The treating physician's opinions at issue in this case are contained in a two-page document, entitled "Supplemental Questionnaire," completed by Victor Sung, M.D., on October 19, 2010. (Doc. 4-10 at 492-93.) Dr. Sung did not elaborate as to the basis for his opinions. Moreover, although this document purports to be Dr. Sung's opinions regarding Mr. Dukes's psychiatric status, he noted that he did not obtain a psychological evaluation. (Id.) Nevertheless, Dr. Sung noted in the questionnaire that Mr. Dukes had "marked" restrictions of his ability to maintain social functioning, his ability to complete tasks in a timely manner, and his ability to respond appropriately to customary work pressures. (Id. at 492.) With regard to the side-effects of his medications, Dr. Sung noted that Mr. Dukes "had already had a significant side effect, which is an abscess at the site of one of his pain injections. All future injections carry risk of pain, infection, bleeding. The other (potential) medication side effects include sedation, GI upset, tremor, or muscle aches." (Id. at R.493.)

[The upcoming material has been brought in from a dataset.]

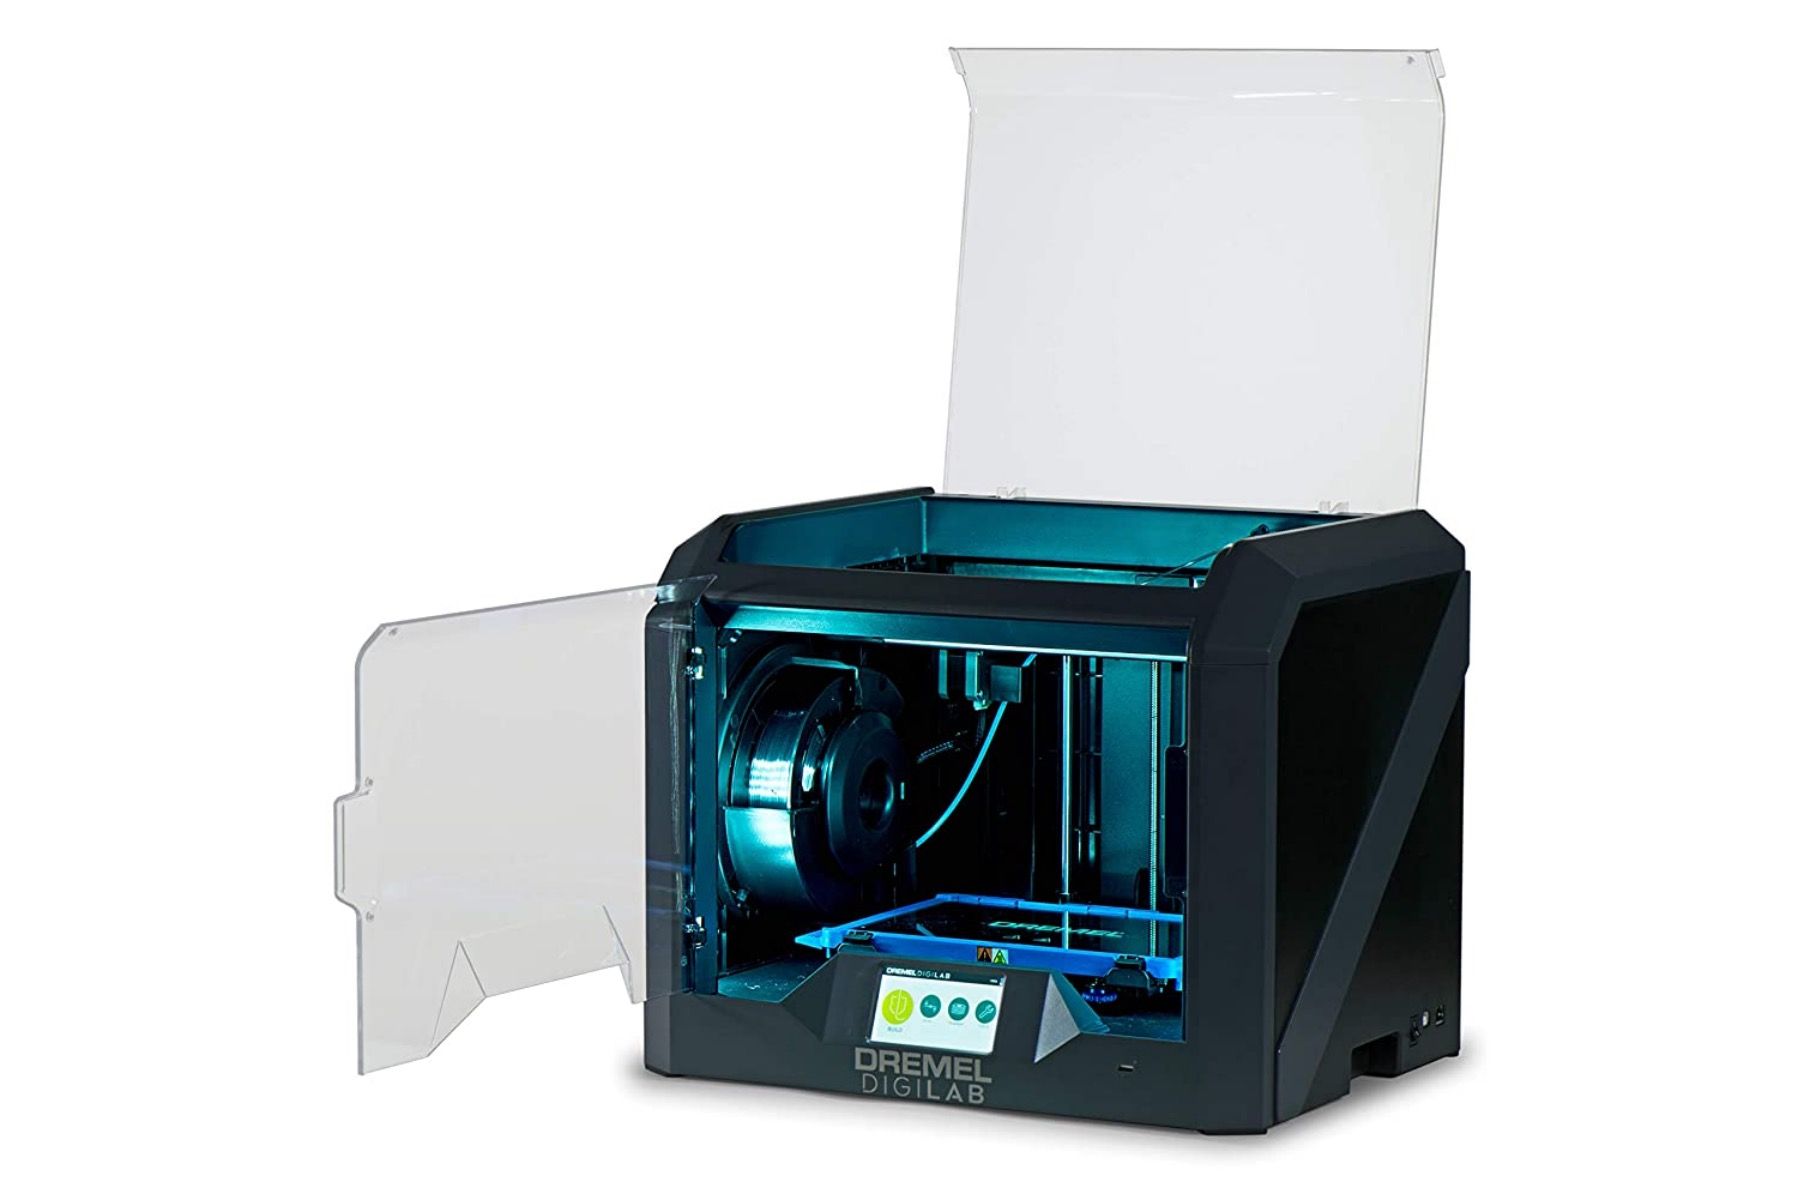 A Dremel DigiLab 3D printer with front and top lids open

The ALJ gave "little weight" to Dr. Sung's opinions, stating:
(Doc. 4-3 at R.38 [footnote added].)
According to the medical records, the court finds that Dr. Sung performed a suboccipital nerve block on Mr. Dukes on May 10, 2010. (Doc. 4-9 at R.276.) Dr. Sung reported that Mr. Dukes tolerated the procedure "well" and was scheduled to return for another nerve block in three months. (Id.) The record contains a signed informed-consent form dated August 23, 2010, (see doc. 4-11 at 495, 498-99); however, the court has not located any treatment notes or other report regarding this procedure. Moreover, the court has not located any notes indicating other nerve block procedures until May 2011. (See id. at R.502, 504.) There is a progress note that indicates Mr. Dukes was diagnosed with "Cellulitis and abscess of the neck" on October 6, 2010 by Dr. Joseph Golden. (Id. at R.525.) This appears to be the side effect referenced in Dr. Sung's opinion. (See doc. 4-10 at 493.) Although the ALJ incorrectly noted that Dr. Sung's treatment of Mr. Dukes began in August 2010, the treating relationship between Dr. Sung and Mr. Dukes before the date last insured appears to have been limited to two suboccipital nerve blocks with no significant follow-up treatment.

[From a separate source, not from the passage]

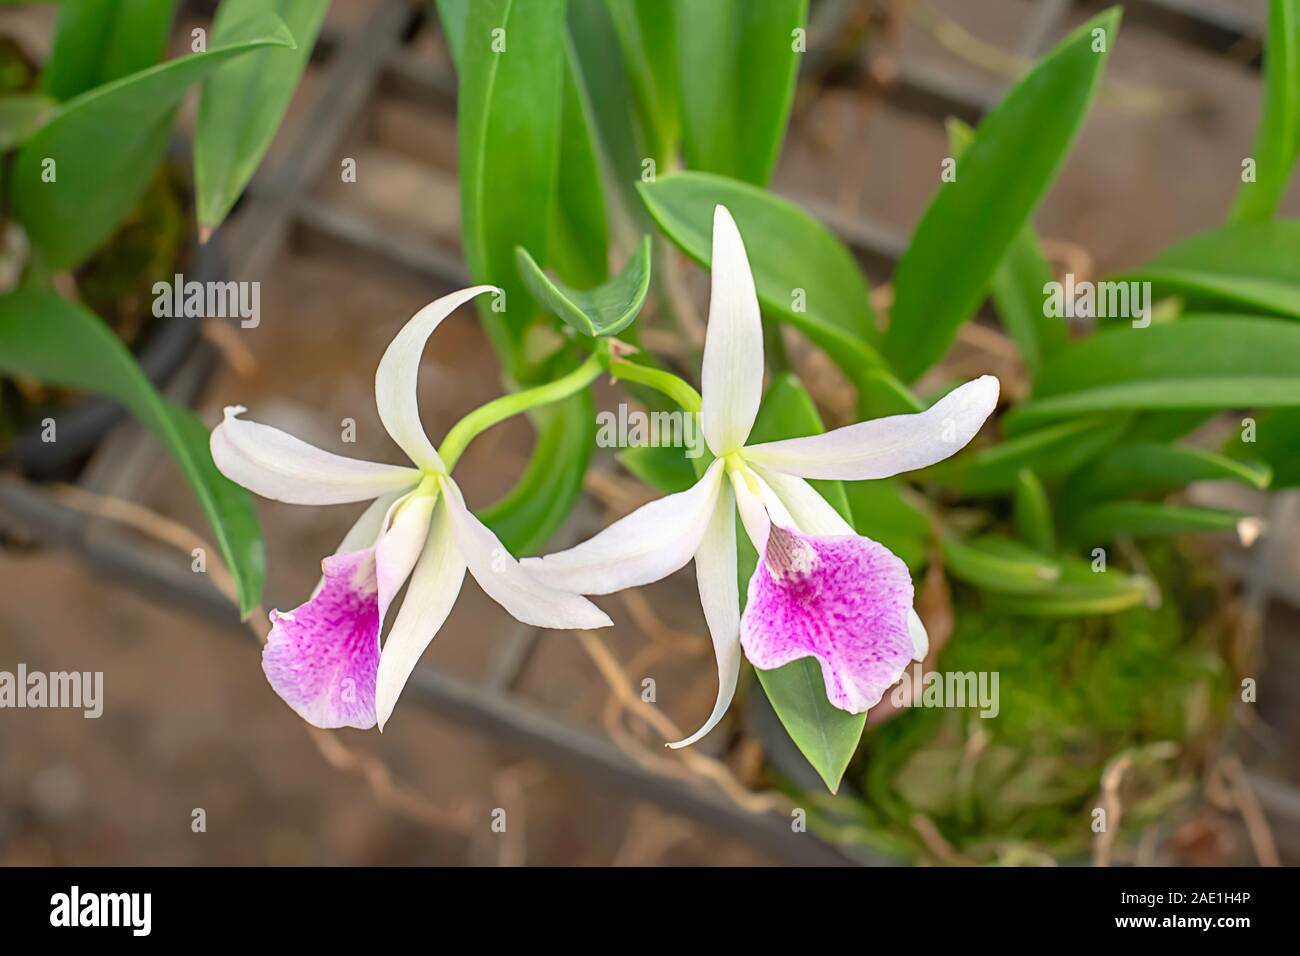 Beautiful White Cattleya Orchid and patterned pink spots Background blurred leaves in the garden. Stock Photo

Dr. Sung's conclusory opinions regarding Mr. Dukes's restrictions and limitations are simply not supported by his treatment notes or other medical records. Moreover, the court finds that Dr. Sung's opinions are inconsistent with other evidence regarding Mr. Dukes's limitations, including, but not limited to, evidence of Mr. Dukes's daily activities, the treatment records (or lack thereof) for the period before between May 2010 and December 31, 2010, and the opinion of consulting psychologist, Sally Gordon. The court finds that the ALJ's decision to accord Dr. Sung's opinions little weight is supported by the record.
For the reasons set forth above, the decision of the Commissioner is due to be affirmed. An Order affirming the decision of the Commissioner will be entered contemporaneously with this Memorandum Opinion.
20 C.F.R. § 404.1572; 20 C.F.R. § 416.972.
Doughty v. Apfel, 245 F.3d 1274, 1278 n.2 (11th Cir. 2001).